◆ **WORK TO BE COMPLETED**: Would you repeat exactly the part of the listing below that runs from the line containing "Peinture, huile sur" down to the line containing "Mickey Mouse W/", inclusive, and nothing else?

^^^^

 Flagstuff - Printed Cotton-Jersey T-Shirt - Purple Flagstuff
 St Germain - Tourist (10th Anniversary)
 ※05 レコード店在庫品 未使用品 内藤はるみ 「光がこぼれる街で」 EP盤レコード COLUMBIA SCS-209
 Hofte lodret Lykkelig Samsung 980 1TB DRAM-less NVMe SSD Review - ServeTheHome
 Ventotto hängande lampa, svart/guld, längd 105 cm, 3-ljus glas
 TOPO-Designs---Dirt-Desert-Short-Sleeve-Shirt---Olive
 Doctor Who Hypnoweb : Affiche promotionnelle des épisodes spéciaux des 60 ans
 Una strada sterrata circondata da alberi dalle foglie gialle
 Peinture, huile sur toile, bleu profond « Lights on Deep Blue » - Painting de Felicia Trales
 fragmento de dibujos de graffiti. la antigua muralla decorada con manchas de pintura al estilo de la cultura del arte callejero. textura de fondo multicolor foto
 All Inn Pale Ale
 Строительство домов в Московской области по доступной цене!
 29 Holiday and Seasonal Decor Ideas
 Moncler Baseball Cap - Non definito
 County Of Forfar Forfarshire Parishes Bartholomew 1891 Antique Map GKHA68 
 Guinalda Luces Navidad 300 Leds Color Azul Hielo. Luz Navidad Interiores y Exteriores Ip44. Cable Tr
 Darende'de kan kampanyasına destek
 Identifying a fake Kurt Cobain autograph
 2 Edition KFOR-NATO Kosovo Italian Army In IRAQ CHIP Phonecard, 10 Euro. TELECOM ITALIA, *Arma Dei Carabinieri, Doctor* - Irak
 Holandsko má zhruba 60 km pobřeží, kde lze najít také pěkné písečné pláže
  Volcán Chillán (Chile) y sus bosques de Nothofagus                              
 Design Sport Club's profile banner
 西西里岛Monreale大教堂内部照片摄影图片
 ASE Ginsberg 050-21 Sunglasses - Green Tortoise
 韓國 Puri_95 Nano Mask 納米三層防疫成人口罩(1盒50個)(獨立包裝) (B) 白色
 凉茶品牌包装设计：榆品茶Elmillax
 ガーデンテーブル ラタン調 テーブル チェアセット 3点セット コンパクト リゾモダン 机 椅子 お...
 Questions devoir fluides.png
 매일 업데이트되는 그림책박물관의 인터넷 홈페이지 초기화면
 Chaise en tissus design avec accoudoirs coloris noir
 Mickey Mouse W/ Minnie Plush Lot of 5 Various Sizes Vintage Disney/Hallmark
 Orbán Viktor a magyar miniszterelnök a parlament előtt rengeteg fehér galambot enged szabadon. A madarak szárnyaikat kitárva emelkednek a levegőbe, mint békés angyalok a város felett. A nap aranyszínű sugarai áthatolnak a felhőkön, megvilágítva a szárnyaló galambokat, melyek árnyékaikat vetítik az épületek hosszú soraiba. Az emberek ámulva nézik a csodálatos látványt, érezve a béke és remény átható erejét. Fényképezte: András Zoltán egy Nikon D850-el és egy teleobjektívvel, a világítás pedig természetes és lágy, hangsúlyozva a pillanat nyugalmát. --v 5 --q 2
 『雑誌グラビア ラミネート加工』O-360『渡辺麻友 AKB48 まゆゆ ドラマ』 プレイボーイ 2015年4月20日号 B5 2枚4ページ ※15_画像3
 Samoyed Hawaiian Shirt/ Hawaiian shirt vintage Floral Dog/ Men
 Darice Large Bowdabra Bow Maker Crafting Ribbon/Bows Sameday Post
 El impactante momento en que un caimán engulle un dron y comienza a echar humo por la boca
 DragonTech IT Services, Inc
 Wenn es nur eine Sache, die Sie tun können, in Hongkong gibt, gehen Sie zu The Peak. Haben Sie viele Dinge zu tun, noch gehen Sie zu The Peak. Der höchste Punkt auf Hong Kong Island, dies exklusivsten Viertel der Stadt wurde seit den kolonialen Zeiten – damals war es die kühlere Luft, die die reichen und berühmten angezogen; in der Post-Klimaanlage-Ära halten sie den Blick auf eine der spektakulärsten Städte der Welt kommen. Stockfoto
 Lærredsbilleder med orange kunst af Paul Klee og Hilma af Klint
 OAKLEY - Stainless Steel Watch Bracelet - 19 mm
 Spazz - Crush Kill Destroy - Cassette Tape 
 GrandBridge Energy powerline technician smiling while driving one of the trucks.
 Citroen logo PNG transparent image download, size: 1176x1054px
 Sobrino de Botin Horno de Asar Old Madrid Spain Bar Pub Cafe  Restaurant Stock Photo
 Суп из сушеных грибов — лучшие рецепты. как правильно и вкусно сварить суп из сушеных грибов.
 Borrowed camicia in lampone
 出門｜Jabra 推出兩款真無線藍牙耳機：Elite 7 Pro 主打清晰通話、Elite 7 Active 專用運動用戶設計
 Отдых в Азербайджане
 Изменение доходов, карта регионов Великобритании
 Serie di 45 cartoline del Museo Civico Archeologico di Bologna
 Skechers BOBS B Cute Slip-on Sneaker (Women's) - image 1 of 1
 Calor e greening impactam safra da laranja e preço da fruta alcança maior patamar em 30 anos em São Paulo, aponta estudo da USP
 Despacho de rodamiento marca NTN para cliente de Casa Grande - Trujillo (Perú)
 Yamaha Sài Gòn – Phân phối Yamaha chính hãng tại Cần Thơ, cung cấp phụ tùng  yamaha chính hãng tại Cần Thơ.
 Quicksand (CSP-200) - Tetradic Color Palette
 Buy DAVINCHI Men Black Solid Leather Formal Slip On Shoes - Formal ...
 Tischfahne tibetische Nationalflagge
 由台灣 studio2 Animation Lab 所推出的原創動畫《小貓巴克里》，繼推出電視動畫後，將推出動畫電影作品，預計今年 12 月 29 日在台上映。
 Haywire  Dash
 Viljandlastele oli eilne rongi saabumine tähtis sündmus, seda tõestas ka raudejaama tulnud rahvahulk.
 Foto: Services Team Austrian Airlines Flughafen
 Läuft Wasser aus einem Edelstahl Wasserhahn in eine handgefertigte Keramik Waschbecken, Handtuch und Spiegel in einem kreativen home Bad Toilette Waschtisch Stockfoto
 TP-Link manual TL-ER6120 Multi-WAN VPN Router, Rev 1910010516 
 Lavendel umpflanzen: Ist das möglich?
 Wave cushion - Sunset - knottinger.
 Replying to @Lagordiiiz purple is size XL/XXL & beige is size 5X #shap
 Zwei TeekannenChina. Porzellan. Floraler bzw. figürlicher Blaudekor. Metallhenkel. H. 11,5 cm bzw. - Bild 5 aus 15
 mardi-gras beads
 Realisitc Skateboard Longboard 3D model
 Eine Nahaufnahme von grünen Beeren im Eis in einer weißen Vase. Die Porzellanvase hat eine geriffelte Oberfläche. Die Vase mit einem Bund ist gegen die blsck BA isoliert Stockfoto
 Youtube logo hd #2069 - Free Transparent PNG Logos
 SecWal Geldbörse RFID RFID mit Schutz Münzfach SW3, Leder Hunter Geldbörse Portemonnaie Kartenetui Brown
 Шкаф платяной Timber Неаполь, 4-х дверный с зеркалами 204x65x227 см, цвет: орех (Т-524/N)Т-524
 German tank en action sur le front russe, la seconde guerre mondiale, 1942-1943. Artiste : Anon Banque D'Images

^^^^

◆ **WRITTEN RESPONSE**:
 Peinture, huile sur toile, bleu profond « Lights on Deep Blue » - Painting de Felicia Trales
 fragmento de dibujos de graffiti. la antigua muralla decorada con manchas de pintura al estilo de la cultura del arte callejero. textura de fondo multicolor foto
 All Inn Pale Ale
 Строительство домов в Московской области по доступной цене!
 29 Holiday and Seasonal Decor Ideas
 Moncler Baseball Cap - Non definito
 County Of Forfar Forfarshire Parishes Bartholomew 1891 Antique Map GKHA68 
 Guinalda Luces Navidad 300 Leds Color Azul Hielo. Luz Navidad Interiores y Exteriores Ip44. Cable Tr
 Darende'de kan kampanyasına destek
 Identifying a fake Kurt Cobain autograph
 2 Edition KFOR-NATO Kosovo Italian Army In IRAQ CHIP Phonecard, 10 Euro. TELECOM ITALIA, *Arma Dei Carabinieri, Doctor* - Irak
 Holandsko má zhruba 60 km pobřeží, kde lze najít také pěkné písečné pláže
  Volcán Chillán (Chile) y sus bosques de Nothofagus                              
 Design Sport Club's profile banner
 西西里岛Monreale大教堂内部照片摄影图片
 ASE Ginsberg 050-21 Sunglasses - Green Tortoise
 韓國 Puri_95 Nano Mask 納米三層防疫成人口罩(1盒50個)(獨立包裝) (B) 白色
 凉茶品牌包装设计：榆品茶Elmillax
 ガーデンテーブル ラタン調 テーブル チェアセット 3点セット コンパクト リゾモダン 机 椅子 お...
 Questions devoir fluides.png
 매일 업데이트되는 그림책박물관의 인터넷 홈페이지 초기화면
 Chaise en tissus design avec accoudoirs coloris noir
 Mickey Mouse W/ Minnie Plush Lot of 5 Various Sizes Vintage Disney/Hallmark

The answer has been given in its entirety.